- Prompt
Where the records below reach the line containing "Thoughts on front", start transcribing, and end with the line containing "Bomani-Tented-Lodge---Lilac-Breasted-Roller", exactly and with nothing else added.

- Entries supplied
★ ★ ★ ★ ★ ★ ★
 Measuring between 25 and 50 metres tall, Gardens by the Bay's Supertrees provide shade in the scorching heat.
★ ★ ★ ★ ★ ★ ★
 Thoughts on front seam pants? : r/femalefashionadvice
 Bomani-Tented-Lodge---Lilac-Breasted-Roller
★ ★ ★ ★ ★ ★ ★
- Exercise response
 Thoughts on front seam pants? : r/femalefashionadvice
 Bomani-Tented-Lodge---Lilac-Breasted-Roller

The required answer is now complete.